The best interests of children certainly carry great weight, as identified by Lord Kerr in  HH v Deputy Prosecutor of the Italian Republic  [2012] UKSC 25 [2013] 1 AC 338  at [145]. Nevertheless, it is a consequence of criminal conduct that offenders may be separated from their children for many years, contrary to the best interests of those children. The desirability of children being with both parents is a commonplace of family life. That is not usually a sufficiently compelling circumstance to outweigh the high public interest in deporting foreign criminals..."

The court then cited with approval the observations of Rafferty LJ in para. 38 of the  CT (Vietnam) case, reproduced in para.14 above.
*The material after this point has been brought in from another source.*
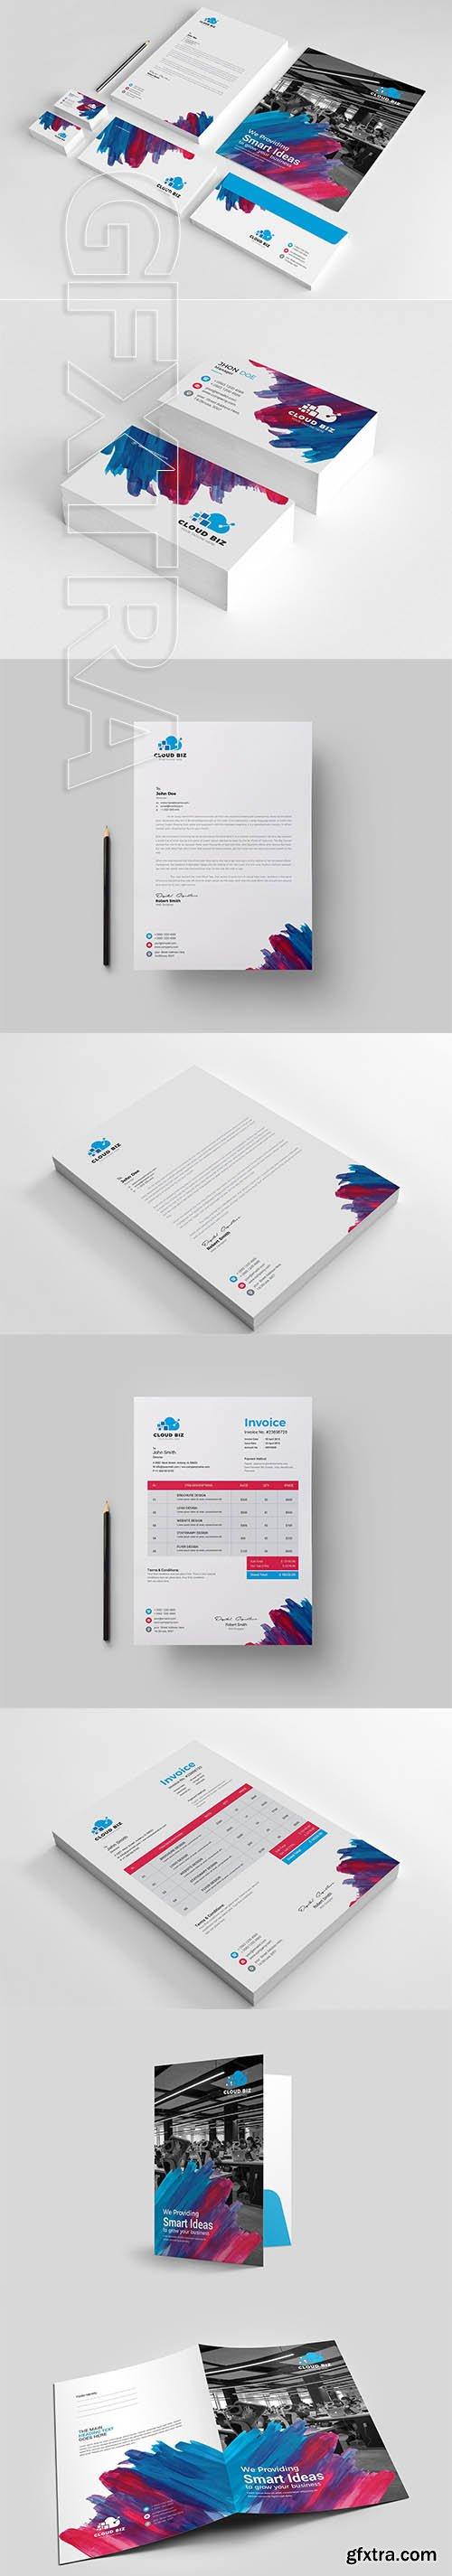 CreativeMarket - Stationery 3486328

17.            These cases show that it will be rare for the best interests of the children to outweigh the strong public interest in deporting foreign criminals. Something more than a lengthy separation from a parent is required, even though such separation is detrimental to the child's best interests. That is commonplace and not a compelling circumstance. Neither is it looking at the concept of exceptional circumstances through the lens of the Immigration Rules. It would undermine the specific exceptions in the Rules if the interests of the children in maintaining a close and immediate relationship with the deported parent were as a matter of course to trump the strong public interest in deportation. Rule 399(a) identifies the particular circumstances where it is accepted that the interests of the child will outweigh the public interest in deportation. The conditions are onerous and will only rarely arise. They include the requirement that it would not be reasonable for the child to leave the UK and that no other family member is able to look after the child in the UK. In many, if not most, cases where this exception is potentially engaged there will be the normal relationship of love and affection between parent and child and it is virtually always in the best interests of the child for that relationship to continue. If that were enough to render deportation a disproportionate interference with family life, it would drain the rule of any practical significance. It would mean that deportation would constitute a disproportionate interference with private life in the ordinary run of cases where children are adversely affected and the carefully framed conditions in rule 399(a) would be largely otiose. In order to establish a very compelling justification overriding the high public interest in deportation, there must be some additional feature or features affecting the nature or quality of the relationship which take the case out of the ordinary.

22.          The height of the evidence to which Miss Stein referred was a report of a home visit when the two younger children were quiet, withdrawn and clingy to their mother, who said there had been some regression while their father was in custody, and improvement since his return.

23.          The judge made no finding, and indeed there was no evidence, that anything in this case went beyond the usual incidents of family life and of separation from a parent (either in the past, while the appellant was imprisoned, or looking ahead).

24.          Ground 2 demonstrates, again by reference to well settled case law, that in this respect also there was no lawful basis for the conclusion reached by the FtT.

25.          The SSHD's appeal to the UT is upheld on both grounds. The decision of the FtT is set aside. The case discloses no compelling claim. There is nothing which significantly diminishes the weight to be given to the public interest. There is no additional feature affecting the nature and quality of the family relationships. The appeal, as originally brought by the appellant to the FtT, is dismissed.

26.          The anonymity direction made by the FtT is preserved.